Here we are now, entertain us . . .
So goes the refrain of one of the most seminal songs of the 1990s, Nirvana’s “Smells Like Teen Spirit.” A few weeks ago, I kicked off the Composition 2 courses I am teaching by playing the song for my students. We’re working on critical thinking skills, and we’re talking about the pleasure-oriented, dystopian world of Ray Bradbury’s Fahrenheit 451. Analyzing the lyrics to Nirvana’s song seemed like a good place to start.
Looking around the classroom while I played the video, I couldn’t help but appreciate the fact that not only had many of my students not heard of the song, the majority of them had not even been born when it was released.
I was born in 1971. So Nirvana, to my students, would be the same as the top 1946 artists are to me. Think Bing Crosby, Frank Sinatra, Ella Fitzgerald, Perry Como, and Nat King Cole. I didn’t dislike these artists when I was young. They just seemed to be the relics of a different, dusty era. I.E., they were that dirtiest of dirty words in our Botoxed, bleached, filled, plumped, and lasered society: old. Was it possible that for my students . . . Nirvana = Perry Como? Was it possible that Nirvana seemed old?
And if Nirvana was old, then what, exactly, did that make me?
According to the Pew Research Center, the answers are “neglected” and “stuck”.
I am a member of Generation X, the generation born in America from the early 1960s to the mid-1970s. A few years ago, Paul Taylor and George Gao published for Pew an article titled, “Generation X: America’s neglected ‘middle child’.”
Like my fellow Gen X-ers, I am, according to Taylor and Gao, “smack in the middle innings of life, which tend to be short on drama and scant of theme.”
When they argue that my life is short on drama, I should note that neither Taylor nor Gao have been to my house on a morning when I’m rummaging through laundry baskets and hustling to get my three children out the door on time whilst also trying to find the required colored team t-shirts that said children are supposed to wear to school.
But okay. Here it is. The middle.
Taylor and Gao explain that not only are we Gen Xers at the midpoint in our lives, we are also, generationally, stuck between two much showier, flashier generations: the Baby Boomers and the Millennials: “Gen Xers are a low-slung, straight-line bridge between two noisy behemoths”.

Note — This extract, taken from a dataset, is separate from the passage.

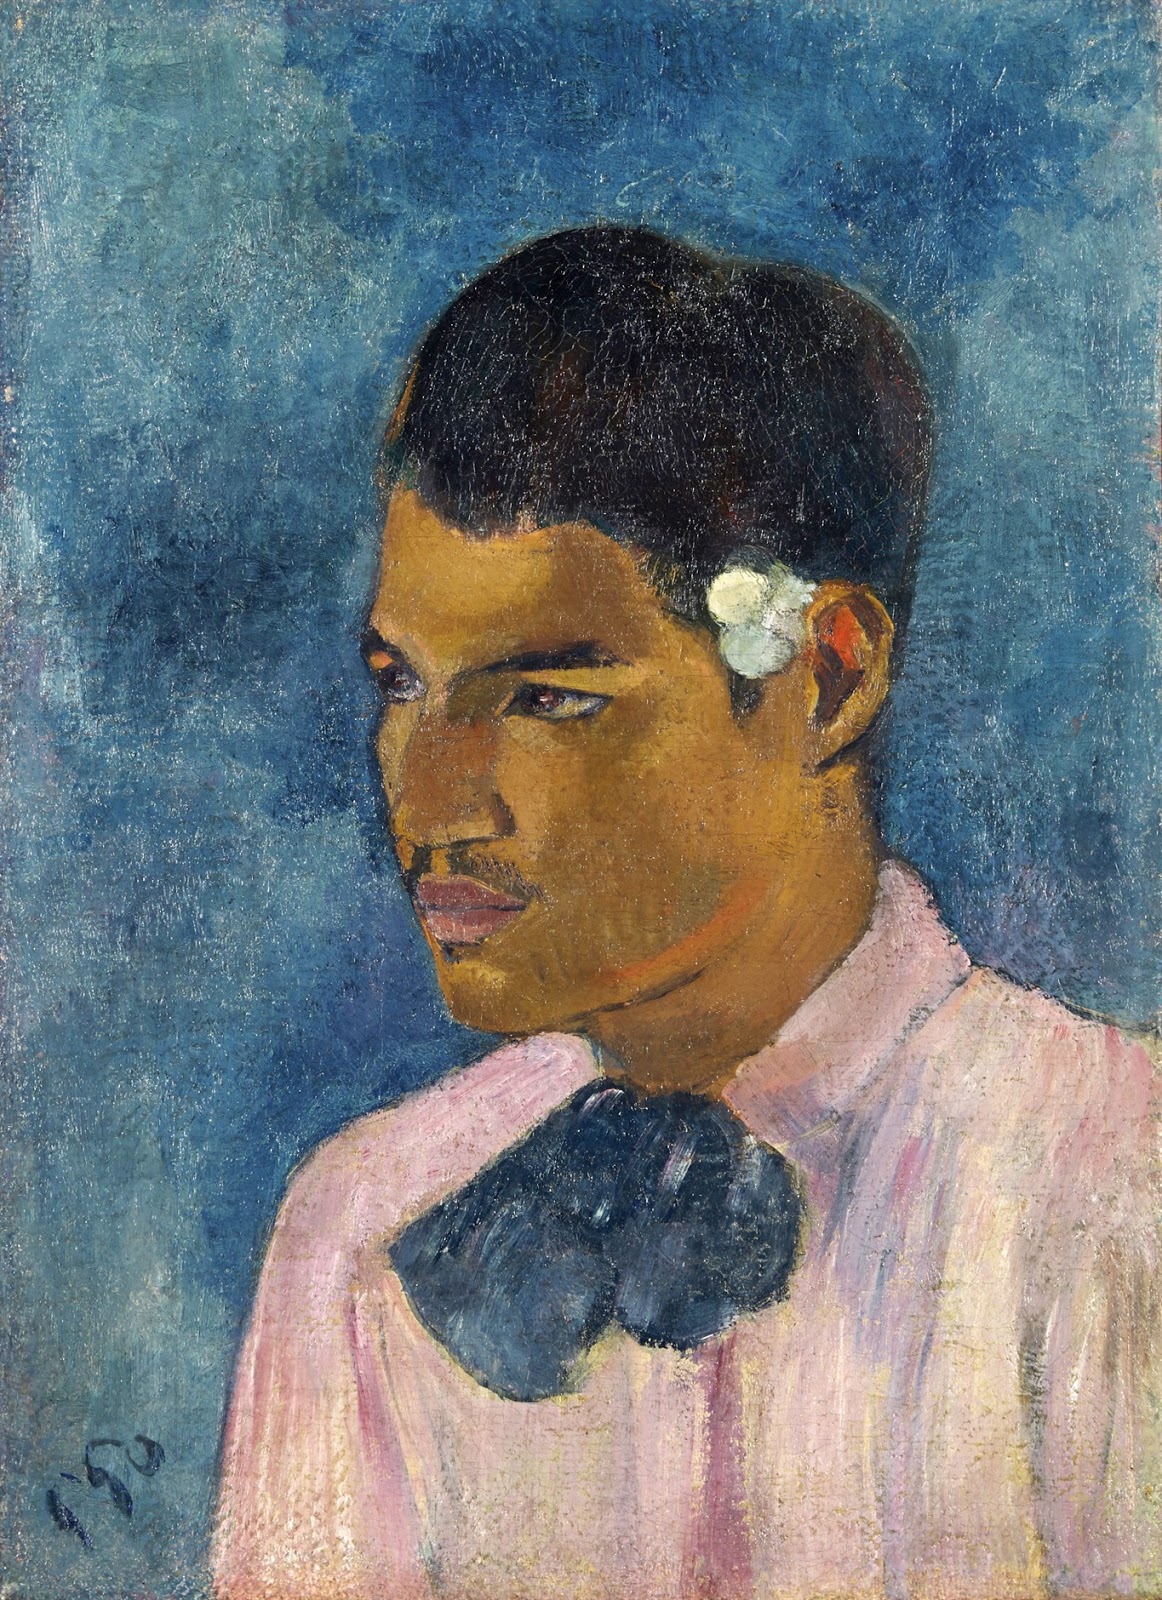 Paul+Gauguin-1848-1903 (505).jpg

With my oldest child in middle school and my youngest in kindergarten, I have been feeling my middle-ness more than ever, David Bowie’s “Changes” the current soundtrack to my life.
I don’t have the time for a mid-life crisis, nor the stamina. Nor the temperament, for that matter. This might be a Gen X trait—rolling our eyes at the cliché of it all: “What, a mid-life crisis? That’s so baby boomer. Please.”
A baby boomer feeling an existential middle-ness might have gone out, gotten a divorce, a new spouse, a second mortgage, and a shiny red sports car. A few years from now, I can only imagine, millennials feeling the same push and pull might chuck it all and decide to star on a reality TV show that they will share via Snapchat from the rooftop of their tiny house overlooking their tiny organic salmon farm. Or something.
But what’s a Gen Xer to do?
Probably something decidedly more Gen X low-key. Something like finally getting around to starting the blog they have been envisioning years.
Which brings me here. Welcome to From the Gen X Files.
What this blog won’t do: Offer advice, tackle serious world issues (which, of course, need to be tackled, just not by the likes of me), or attempt to tie anything up with a neat bow.
What it will do, I hope: Offer an entertaining respite from the drudgery and the drama, a little we’re-all-in-this-together half-smile. I know. A half-smile. I should probably aim the bar a little higher. But I’m a Gen Xer, and high bars bring out the sarcasm in me. So a half-smile it is.
Topics to be covered: Mostly parenting and pop culture, though I always admired radio DJ Chris on the show Northern Exposure, so there may be the occasional unexpected scat, the unplanned riff.
The middle isn’t all bad. On the day I played Nirvana for my students, I wore to class my longtime favorites, my great fashion item of the 1990s—my Doc Marten flower boots. Enough time had passed that the boots are no longer cringeworthy -outdated; they have graduated to a sort of retro cool.
Maybe that’s where we are as Gen Xers right now. Enough future still stretching in front of us to hold the promise of good times and adventure. A future that, like Lloyd Dobbler, has potential. The missteps of our youth far enough behind us to be seen with the proper perspective, what was once regrettable baggage now seen through the lens of wisdom and lessons learned, or at least nostalgic affection.
The boots still fit, by the way. And I’m not gonna lie. They felt damn good.